At each step of the way (I know, because I was working at Time magazine at the time), the new Great Leaps Forward were celebrated by a raft of canned statements from the various execs, praising the visionary nature of the deal even as they pocketed wads of cash and posed for fawning profiles in rival media outlets, confidently assuring themselves that they deserved it. 

Now the wheel has come full turn, and the magazines that started the whole thing, principally Time, are back where they started; having fulfilled their function as bait for larger predators, they’re now expendable as a drain on the bottom line.
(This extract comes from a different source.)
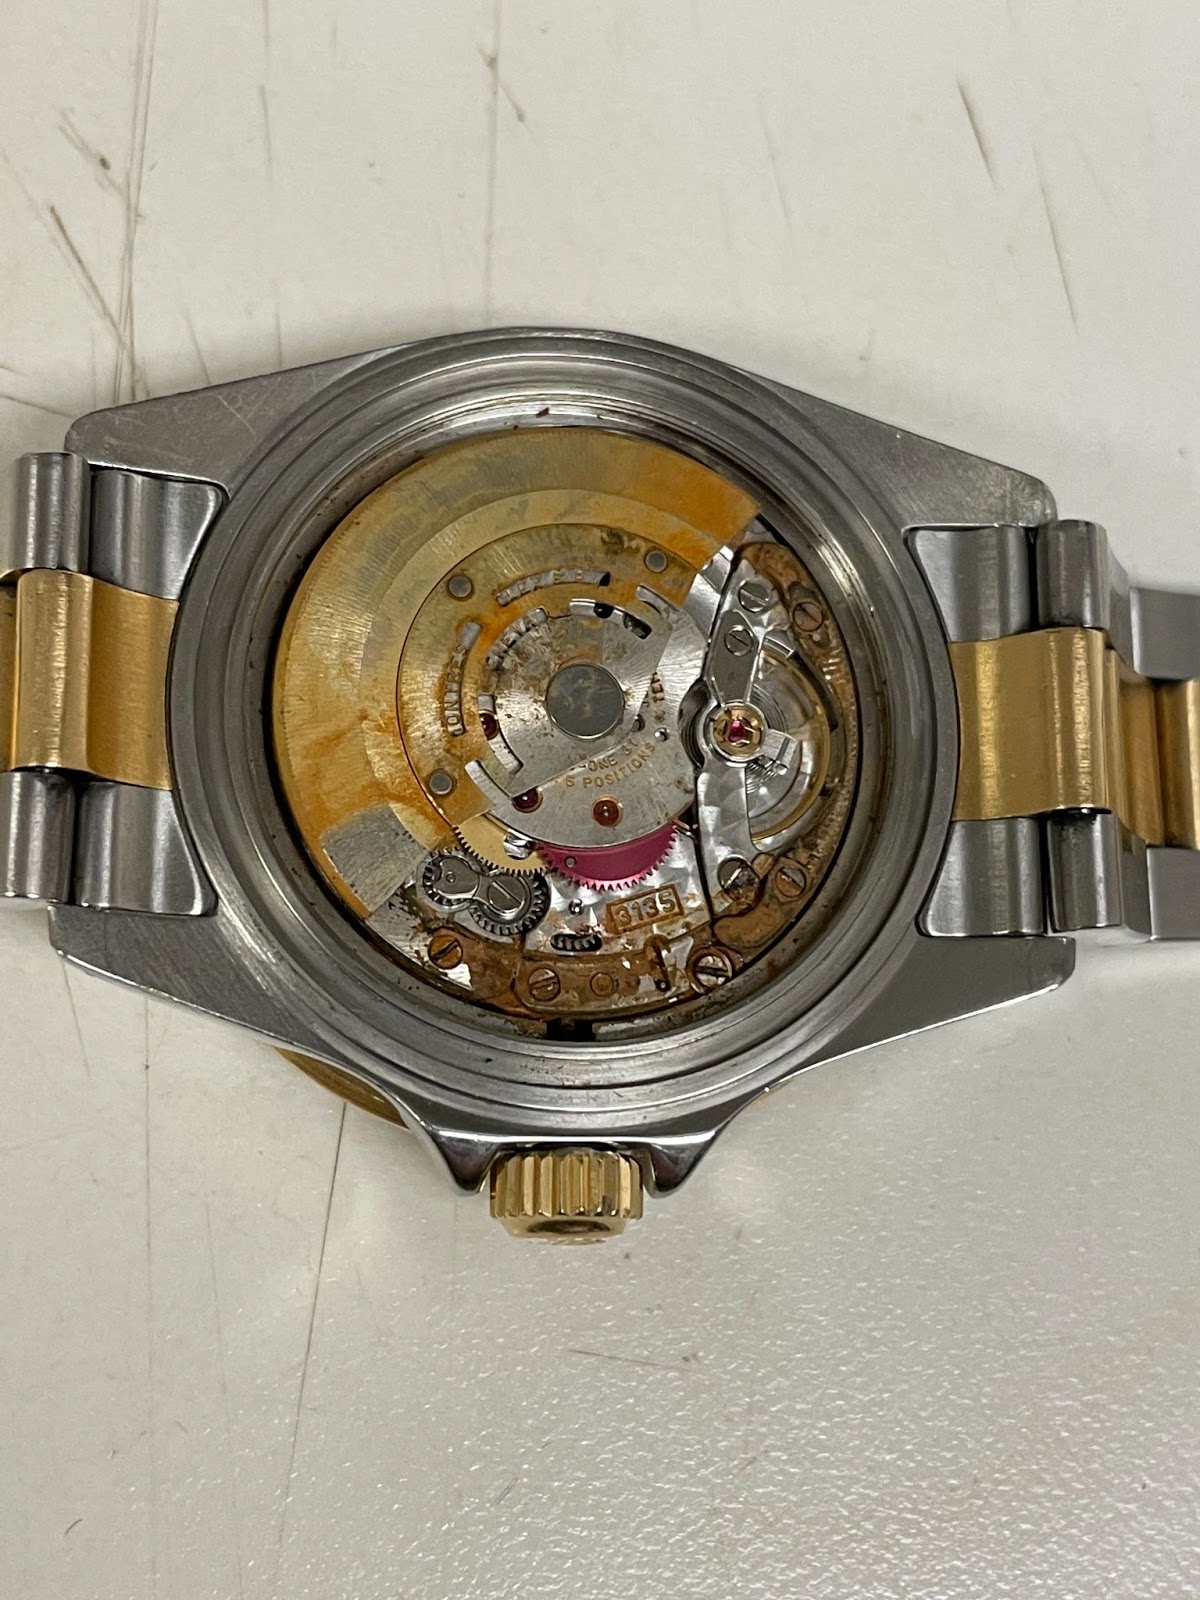 Rolex Submariner, Dive Into This Watch Renovation

No one’s arguing that Time and the others, including People and Sports Illustrated, have any meaningful future as print publications. And despite the one thing that Jerry Levin, the Time Inc. exec behind the AOL merger, got right — that the Internet was the future — their presence in the series of tubes that make up cyberspace is today minimal. Harry Luce’s bright idea — to give Americans served by less-than-stellar local newspapers a handy compendium of the week’s news, well written and well organized — has been supplanted by the do-it-yourself, wireless version you’re enjoying right now.

Still, the fall of Time Inc. reminds us of the truth of the old saw, “from shirtsleeves to shirtsleeves in three generations.” Or, in this case, “from stand-alone to stand-alone in 90 years.” Time Inc. reached its apogee with its third editor-in-chief, the great Henry Grunwald, and then steadily declined as the journalists who had been reared under Luce, who shared his vision of the magazine’s mission and who had run the company died off and were replaced by corporate bean counters and bloodless business-school robots who knew everything about magazine publishing except why.

And in publishing, that’s the only kind of clarity that matters. Maybe it’s a lesson that the new, old, improved, seduced-and-abandoned Time Inc. will remember going forward.